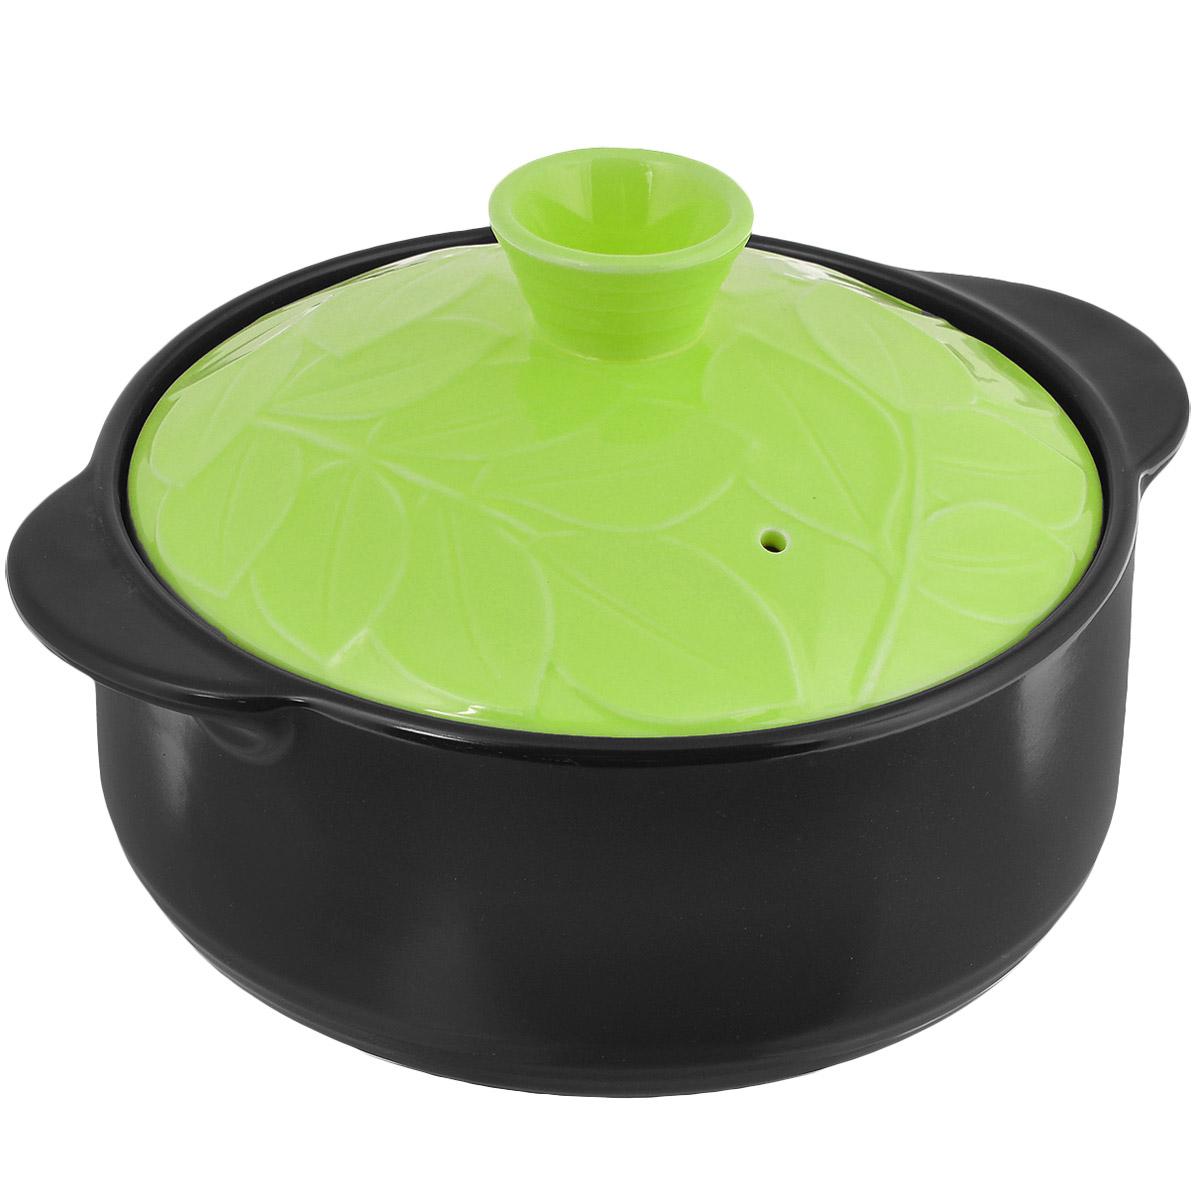 Кастрюля керамическая Hans & Gretchen с крышкой, цвет: зеленый, 1,6 лFS-91909Кастрюля Hans & Gretchen изготовлена из экологически чистой жаропрочной керамики. Керамическая крышка кастрюли оснащена отверстием для выпуска пара. Кастрюля равномерно нагревает блюдо, долго сохраняя тепло и не выделяя абсолютно никаких примесей в пищу. Кастрюля не искажает, а даже усиливает вкус пищи. Крышка изделия оформлена рельефным изображением листьев. Превосходно служит для замораживания продуктов в холодильнике (до -20°С). Кастрюля устойчива к химическим и механическим воздействиям. Благодаря толстым стенкам изделие нагревается равномерно.Кастрюля Hans & Gretchen прекрасно подойдет для запекания и тушения овощей, мяса и других блюд, а оригинальный дизайн и яркое оформление украсят ваш стол.Можно мыть в посудомоечной машине. Кастрюля предназначена для использования на газовой и электрической плитах, в духовке и микроволновой печи. Не подходит для индукционных плит. Высота стенки: 8,5 см.Ширина кастрюли (с учетом ручек): 23 см.Толщина дна: 5 мм.Толщина стенки: 5 мм.
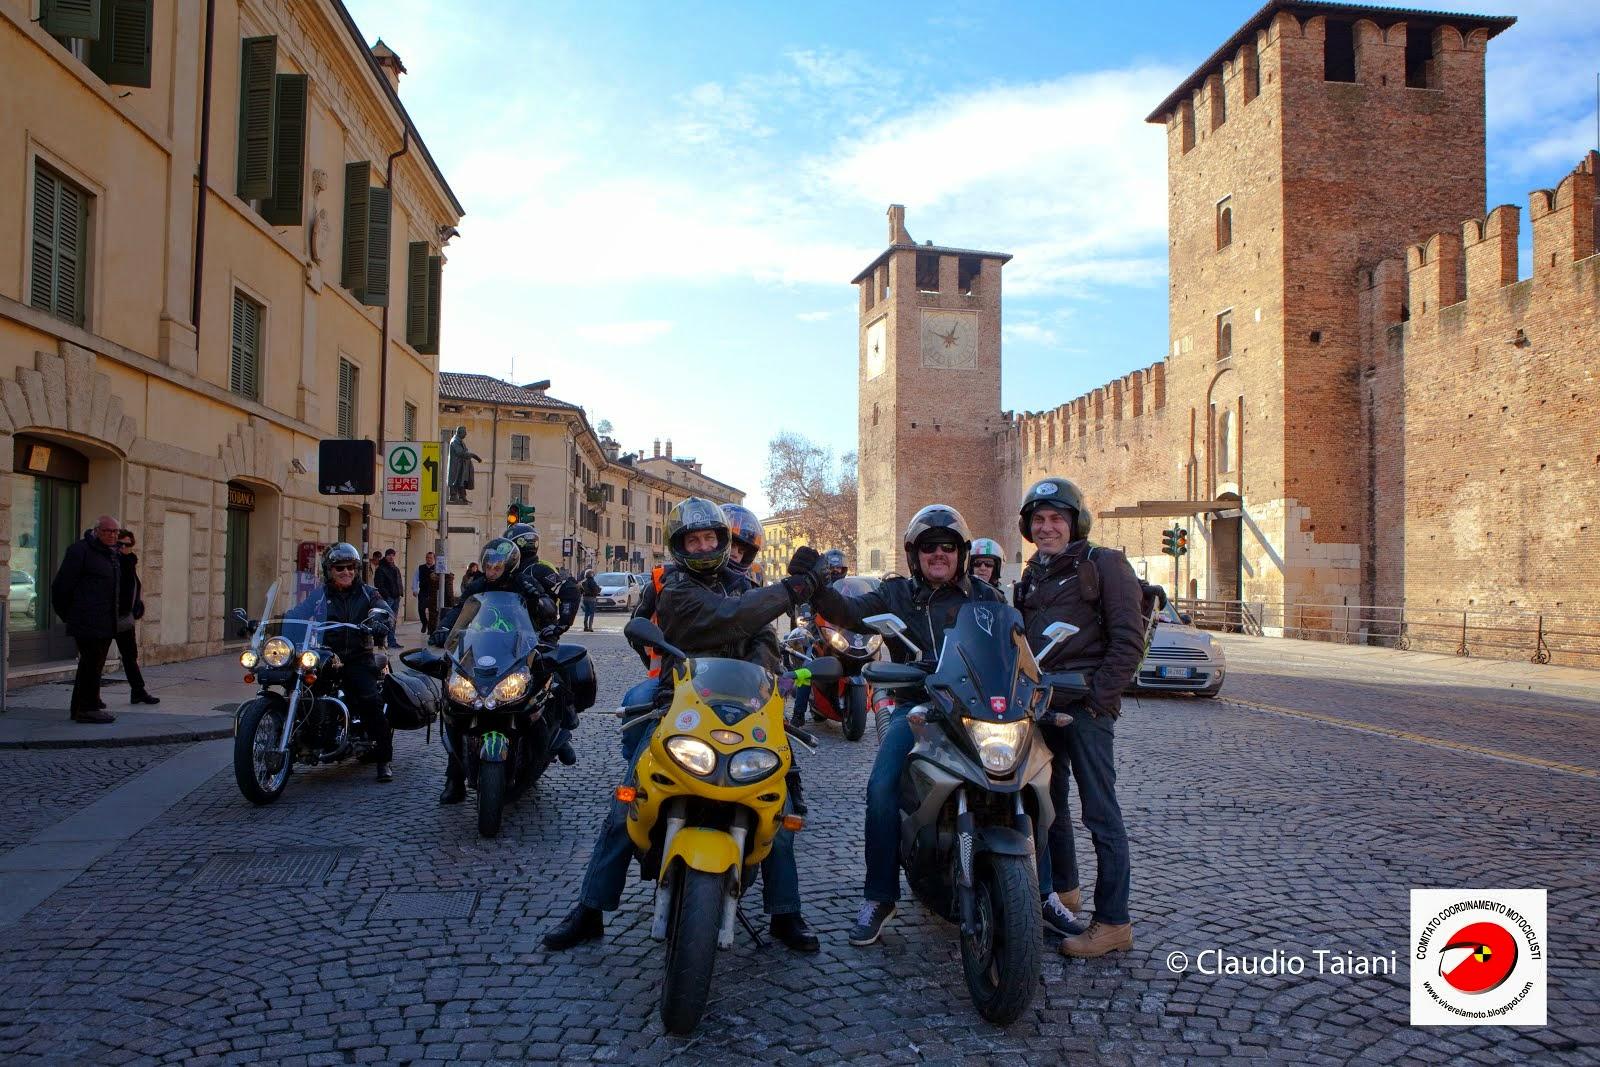 Un'immagine simbolica......di come intendiamo il Motociclismo noi.
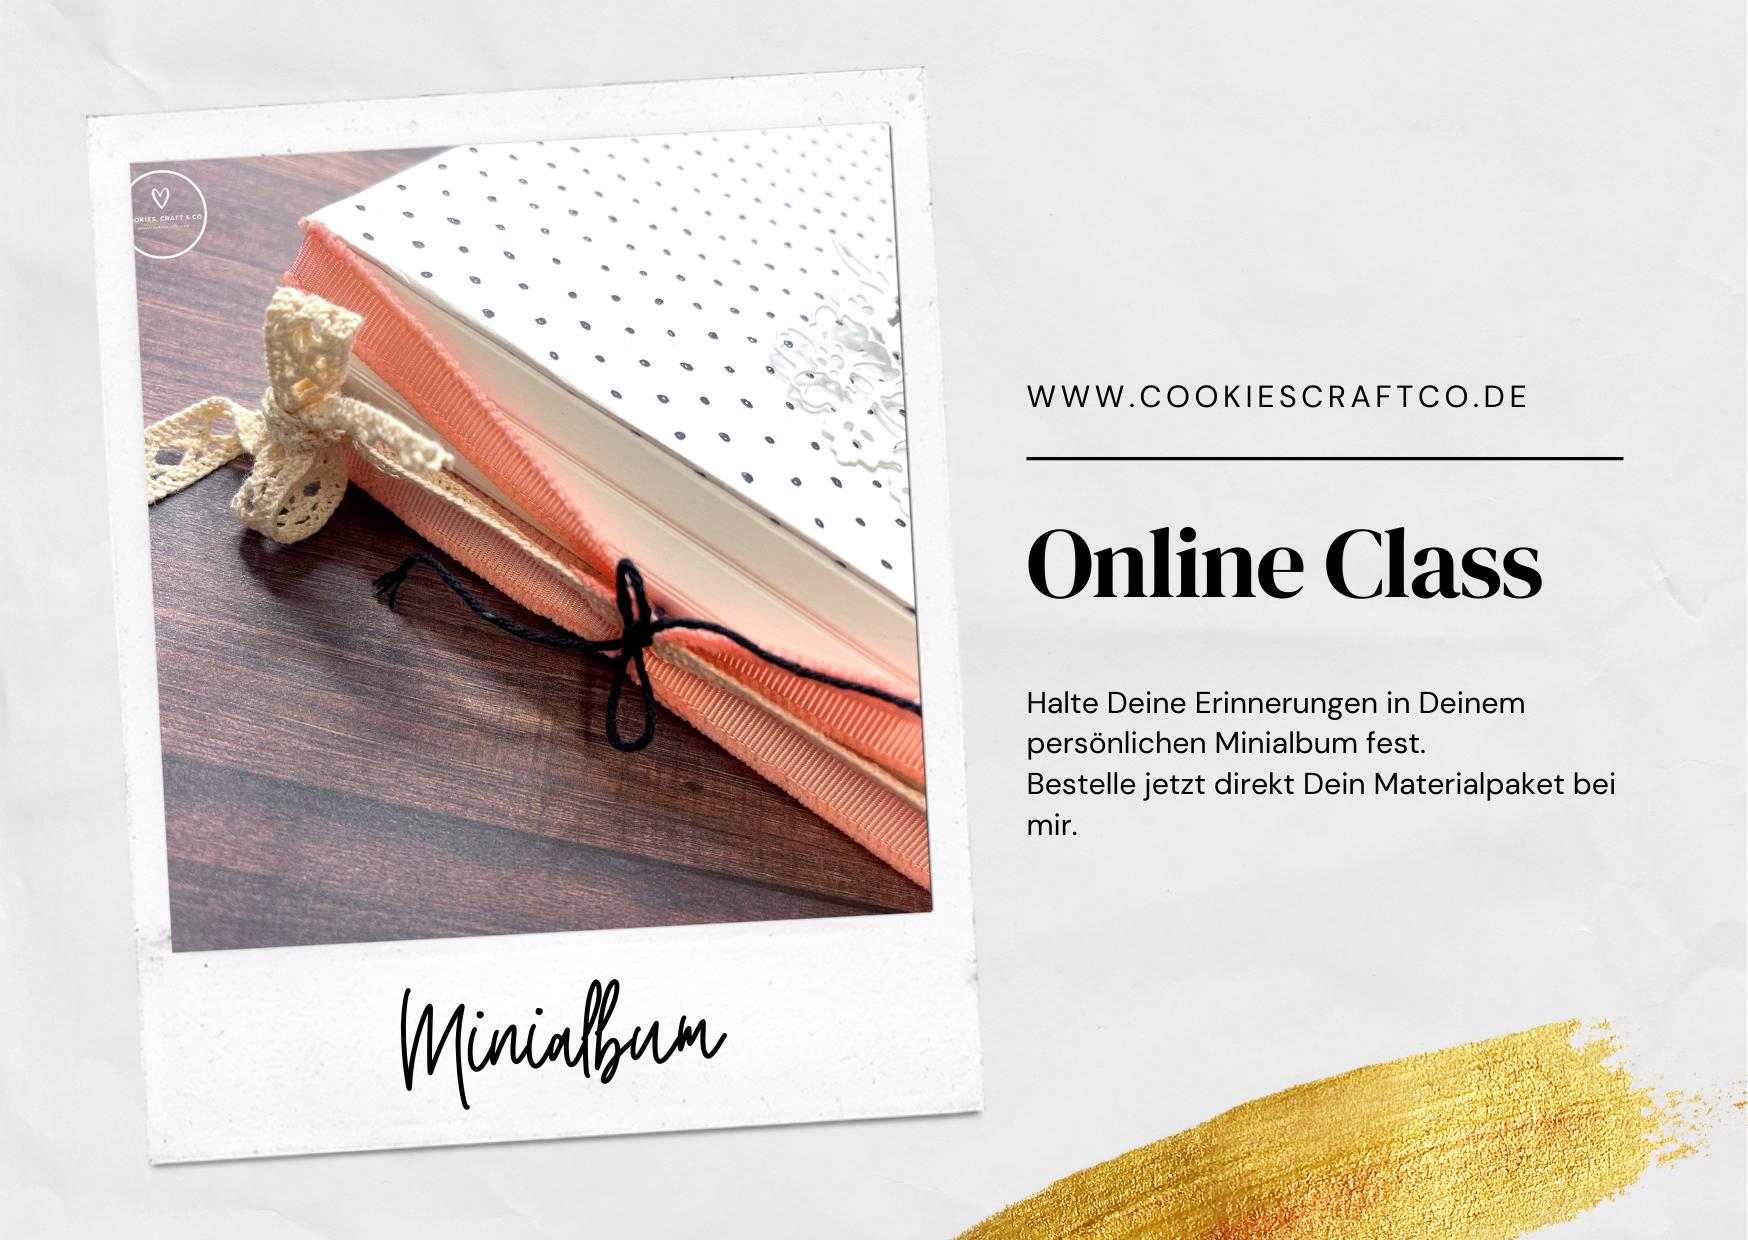 Minialbum - Es gibt wieder eine Online Class
● ● ● ● ● ● ●
WORK INSTRUCTIONS: Hand back the data above exactly, leaving out all pictures.

SOLUTION TO THE EXERCISE:
 Кастрюля керамическая Hans & Gretchen с крышкой, цвет: зеленый, 1,6 лFS-91909Кастрюля Hans & Gretchen изготовлена из экологически чистой жаропрочной керамики. Керамическая крышка кастрюли оснащена отверстием для выпуска пара. Кастрюля равномерно нагревает блюдо, долго сохраняя тепло и не выделяя абсолютно никаких примесей в пищу. Кастрюля не искажает, а даже усиливает вкус пищи. Крышка изделия оформлена рельефным изображением листьев. Превосходно служит для замораживания продуктов в холодильнике (до -20°С). Кастрюля устойчива к химическим и механическим воздействиям. Благодаря толстым стенкам изделие нагревается равномерно.Кастрюля Hans & Gretchen прекрасно подойдет для запекания и тушения овощей, мяса и других блюд, а оригинальный дизайн и яркое оформление украсят ваш стол.Можно мыть в посудомоечной машине. Кастрюля предназначена для использования на газовой и электрической плитах, в духовке и микроволновой печи. Не подходит для индукционных плит. Высота стенки: 8,5 см.Ширина кастрюли (с учетом ручек): 23 см.Толщина дна: 5 мм.Толщина стенки: 5 мм.
 Un'immagine simbolica......di come intendiamo il Motociclismo noi.
 Minialbum - Es gibt wieder eine Online Class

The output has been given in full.